Reputation: 45
I have data that I want to preform a batched process on using two GPUs in parallel, so I wrote the following worker class:
class Worker(multiprocessing.Process):
def __init__(self, gpu_id: int, res_queue: multiprocessing.Queue(), class_func: GPUFanc):
super().__init__()
self.gpu_id = gpu_id
self.func = class_func
self.res_queue = res_queue
def run_func(self):
with cp.cuda.Device(self.gpu_id):
self.res_queue.put(self.class_func.run_func(self.batch))
def alloc_batch(self, batch):
with cp.cuda.Device(self.gpu_id):
self.batch = cp.asarray(batch)
So I'm putting the results into a queue to deal with later, and the way that I initialize and run those workers is:
queue_list = [multiprocessing.Queue() for i in range(num_gpus)]
workers = []
for i in range(num_gpus):
workers.append(Worker(gpu_ids[i], queue_list[i], func_class_object)
for worker in workers:
worker.start()
for num_batch in range(num_batches):
main_batch = get_batch(num_batch) # Gives some arbitrary batch of data
divided_batches = devide_batch(main_batch, num_gpus)

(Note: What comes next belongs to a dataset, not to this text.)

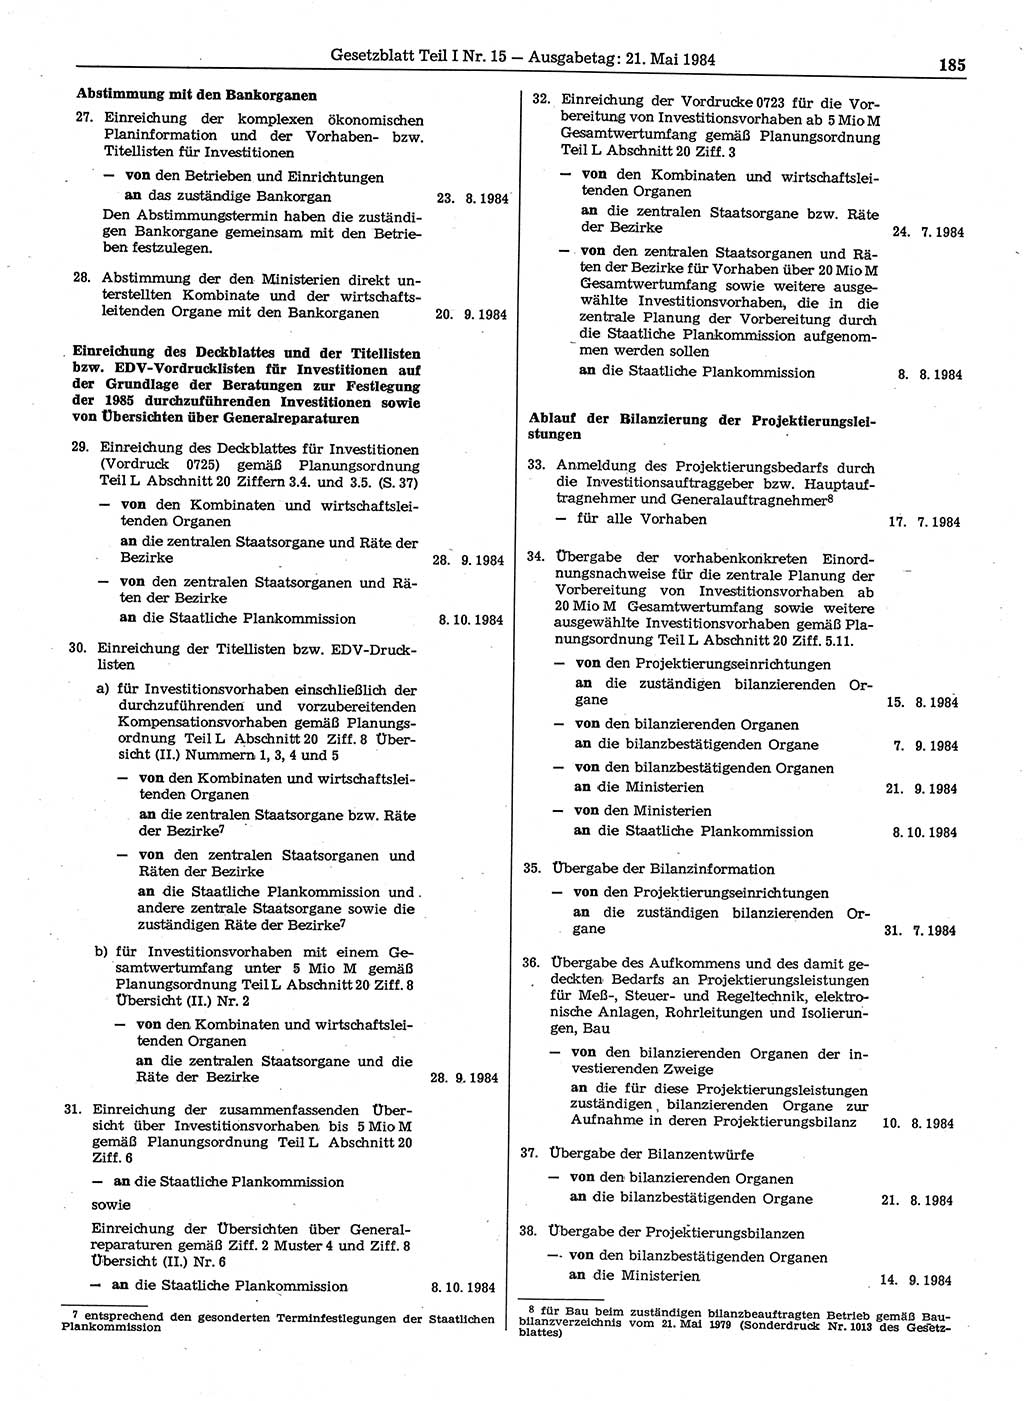 Gesetzblatt (GBl.) der Deutschen Demokratischen Republik (DDR) Teil Ⅰ 1984, Seite 185 (GBl. DDR Ⅰ 1984, S. 185)

for worker_ind in range(len(workers)):
workers[worker_ind].alloc_batch(divided_batches[worker_ind])
for worker in workers:
worker.run_func()
# ------ Take out all the batches results from queues after the for loop ------
and then I'm calling worker.join().
My questions is does the two processes run in parallel when I'm calling the "worker.run_func()" inside the for loop or the call waits for the run_func to finish in every iteration.
If it isn't in parallel what changes I need to make to achieve it.
Also when looking with "nvidia-smi -l 1" I can see that the GPUs work one after the other according to the utilization section.
Upvotes: 0
Views: 55